Pelvic pain is considered “chronic” or “persistent” when it is non-cyclical in nature and lasts longer than 6 months. It affects up to 1 in 5 women and around 1 in 15 men, and can significantly impact well-being in many areas of life – physical, social, relational, and psychological.

Female pain can occur in the vulva, vagina, tailbone, bladder, joints of the pelvis (the pubic bone and the sacro-iliac joints), and lower abdomen. It can affect bladder, bowel, and sexual function, as well as physical functions like sitting, standing, exercising, sleeping, etc. Conditions related to chronic or persistent pelvic pain include Endometriosis, Bladder Pain Syndrome, Interstitial Cystitis, Pudendal Neuralgia, Vulvodynia, among others. 

Male pelvic pain can occur in the groin, perineum, testicles, penis, tailbone, lower abdomen, joints of the pelvis (the pubic bone and the sacro-iliac joints), bladder, and prostate. Similar to females, it can affect bladder, bowel, and sexual function, as well as physical functions like sitting, standing, exercising, sleeping, etc. Conditions related to chronic or persistent pelvic pain include Prostatitis, Bladder Pain Syndrome, Interstitial Cystitis, Pudendal Neuralgia, among others.

Importantly, chronic or persistent pelvic pain can also be considered a condition itself, rather than a symptom of a condition. While sometimes referred to as Chronic Pelvic Pain Syndrome (CPPS), it doesn’t need a name or label to be valid or deserving of treatment. Research and clinical treatment approaches are shifting from a biomedical model of pain to a biopsychosocial model of pain. This shift sees pain as more multi-faceted, acknowledging that biological, medical, as well as psychological and social factors are impacted by pain and reciprocally impact pain. It’s a move beyond black and white labels to the consideration of systems and context.

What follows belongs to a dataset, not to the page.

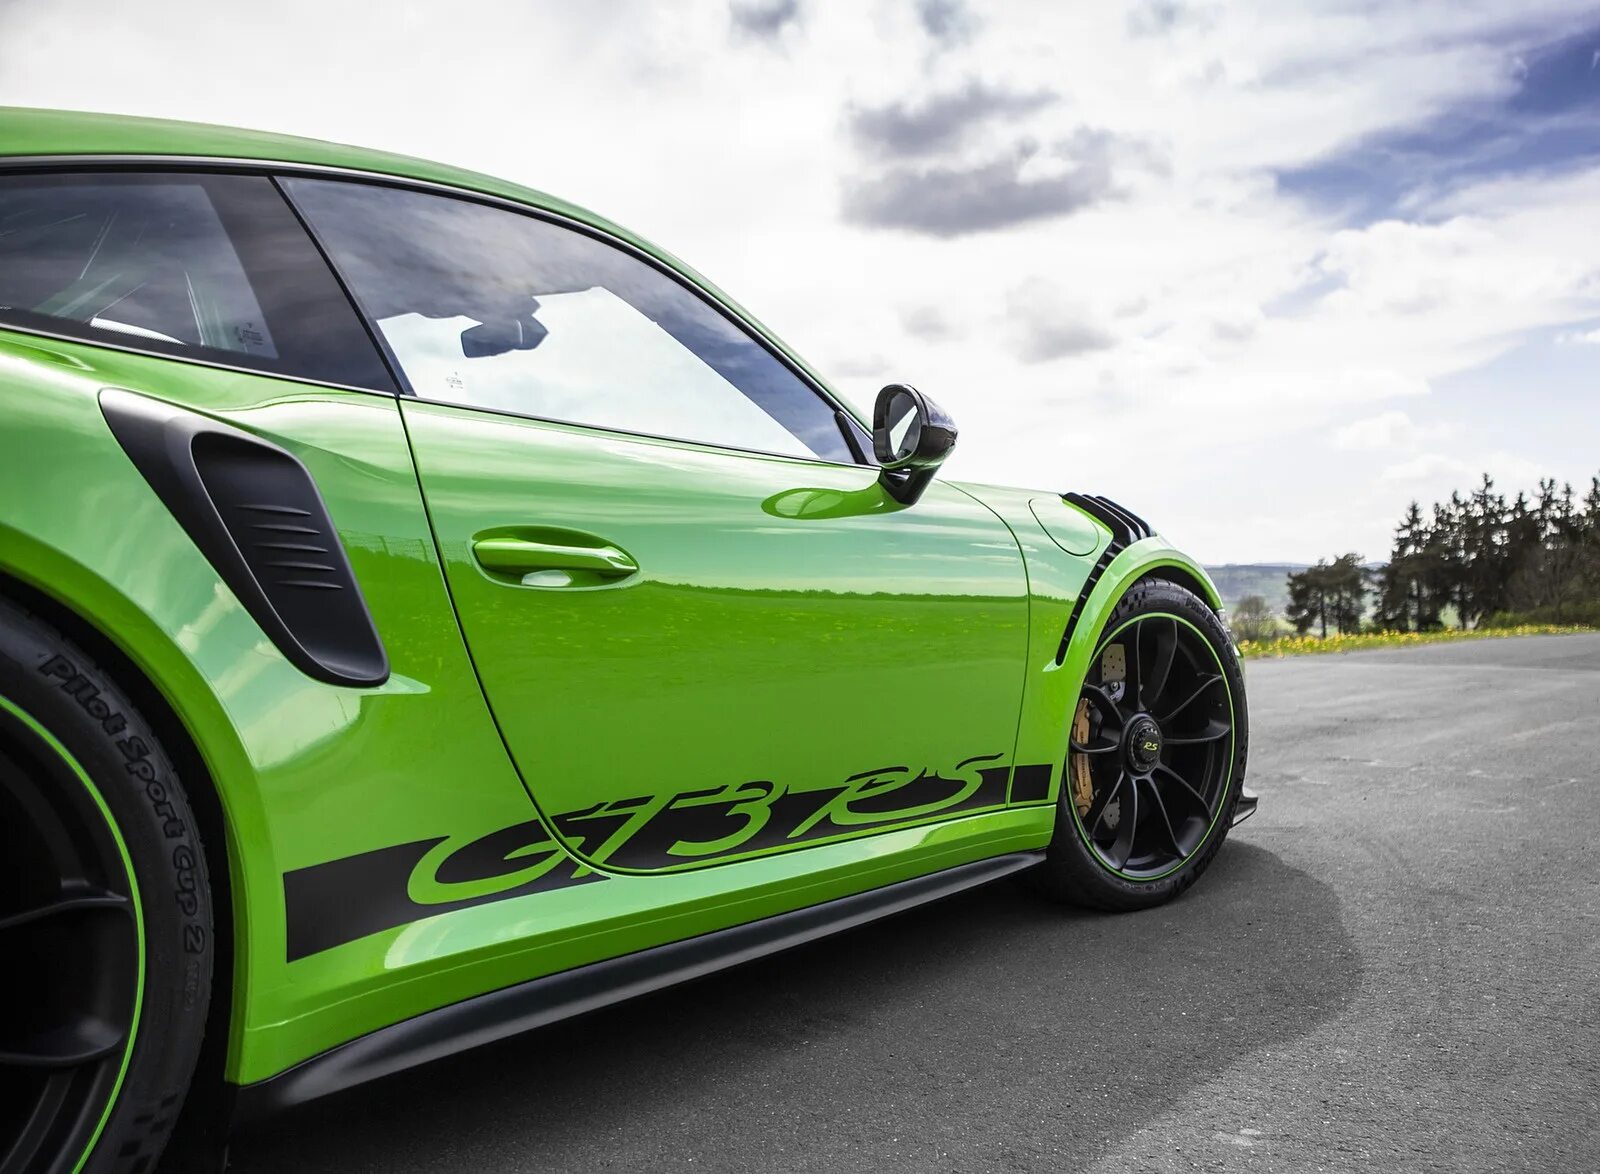 Green detail. Porsche 911 gt3 RS зеленый. Porsche gt3 RS. Порше гт3 2019 салатовый. Зеленый Порше ГТ 2 РС.

To begin managing and healing chronic or persistent pelvic pain, it is helpful to understand the concept of pain itself. While pain is traditionally attributed to a biomedical injury of something in your body, research from a biopsychosocial perspective has deeply challenged this understanding.

Pain is currently defined as “an unpleasant sensory and emotional experience associated with actual or potential tissue damage, or described in terms of such damage” (Moseley and Butler). This definition highlights pain as physical and emotional, as a warning signal, and as an experience not always related to the status of tissues (muscles, ligaments, tendons, bones, etc). Accordingly, navigating pain is more than addressing injured tissue, it is addressing a whole-body system and process of perception and protection. 

Pain is processed in the context of your central nervous system (CNS), which is made up of your brain and spinal cord. Pain is ultimately an output from the brain rather than an input to the brain. Thus, the context in which your brain sends out signals impacts the types of signals being sent out.

As a metaphorical example, your level of anxiety hearing a noise in your home at night will differ after a recent robbery in your neighbourhood versus none at all. The perceptions of danger and safety make a significant impact on our psychology as much as they do on our physiology. Our CNS is constantly adapting based off the signals it receives, including during the experience of pain.

Chronic or persistent pain can occur as a result of danger signals “hijacking” the CNS, demanding more signalling capacity and more brain pathways, dominating other pathways that can mitigate the pain experience . The good news is that if the CNS is adaptable and has the capacity to turn up unhelpful signalling (upregulation), it has the capacity to relearn to turn down unhelpful signalling as well as turn up helpful signalling (downregulation).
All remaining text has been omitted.